Extracts the most distinctive keywords per cluster to generate human-readable theme labels.

Ranks themes by impact using a combination of

Volume (number of mentions)
Engagement (likes, replies, shares)
Sentiment intensity

Outputs top positive and negative themes per brand Produces a ranked list of the most impactful positive and negative themes for each brand, enabling quick comparison and insight generation.

How the Pipeline Works

This project simulates a real-world social listening and insight extraction pipeline used in marketing, strategy, and creative analytics. The goal is to transform large volumes of unstructured social media conversations into clear, ranked themes that reveal what people genuinely like or dislike about each brand.

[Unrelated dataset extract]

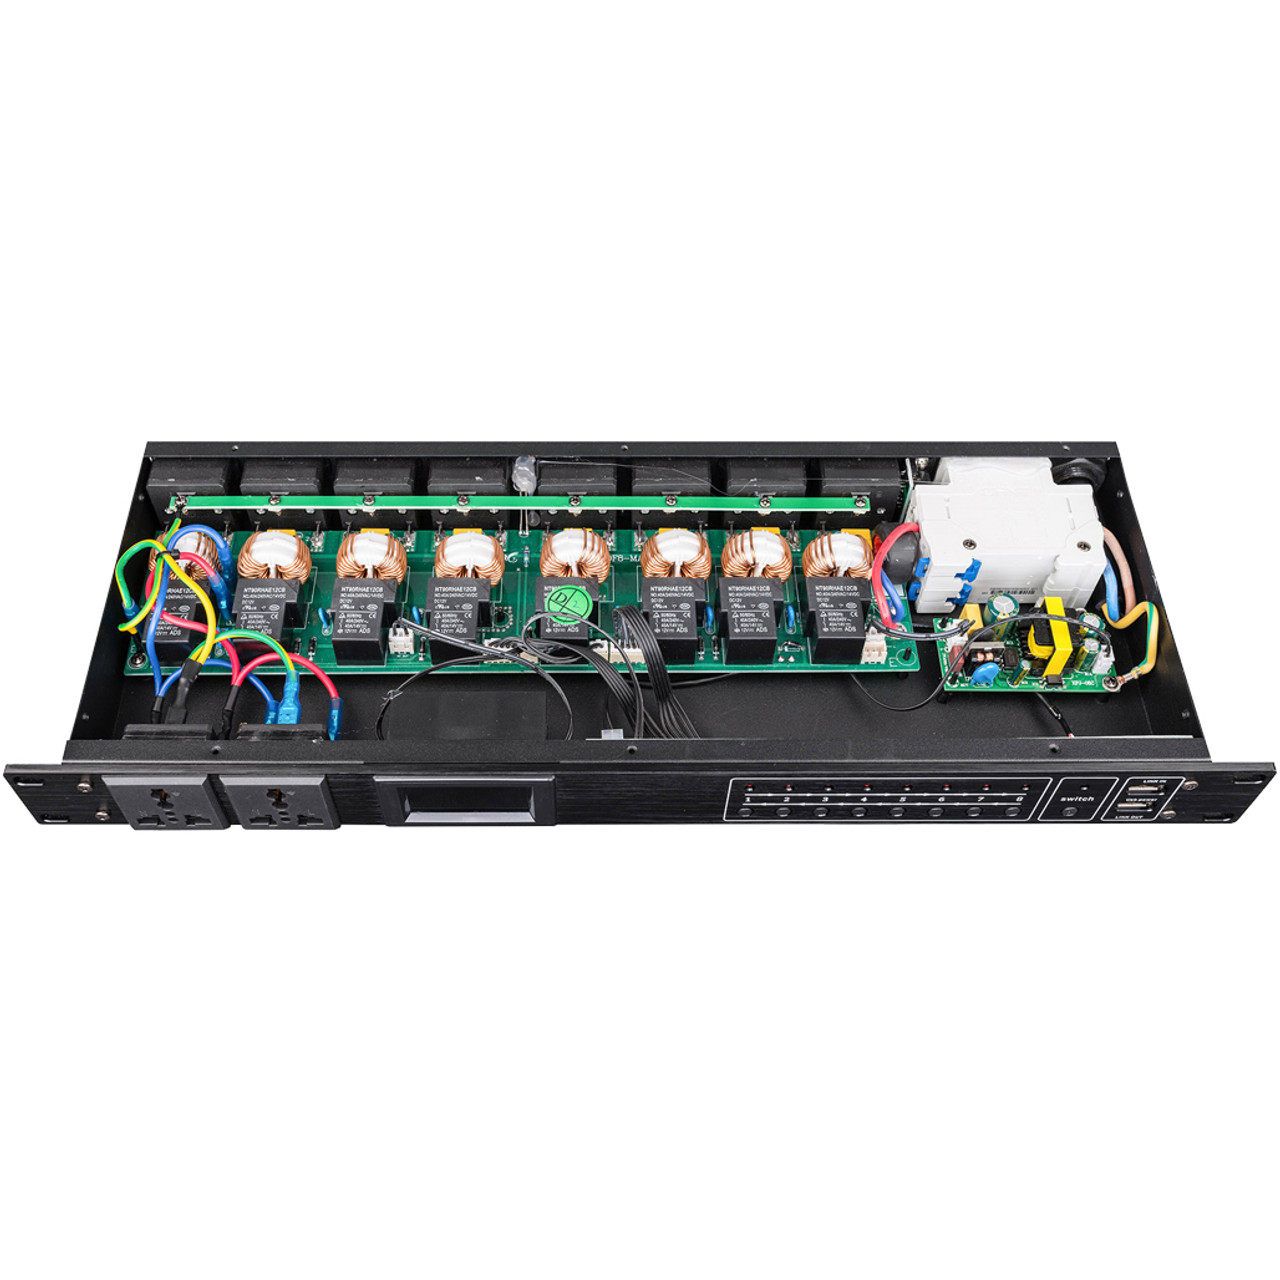 8 + 2 Channel Power Sequencer With Central Control, Filtering function (A17)

Rather than relying on keywords alone, the pipeline focuses on meaning, emotion, and engagement.

1. Synthetic Social Media Data Generation

The pipeline begins by generating synthetic but realistic social media mentions for two competing brands. Each mention represents a user post or comment and includes:

Textual content (what the user says)
Platform metadata (e.g. Reddit, Twitter, Instagram)
Engagement signals (likes, replies, shares)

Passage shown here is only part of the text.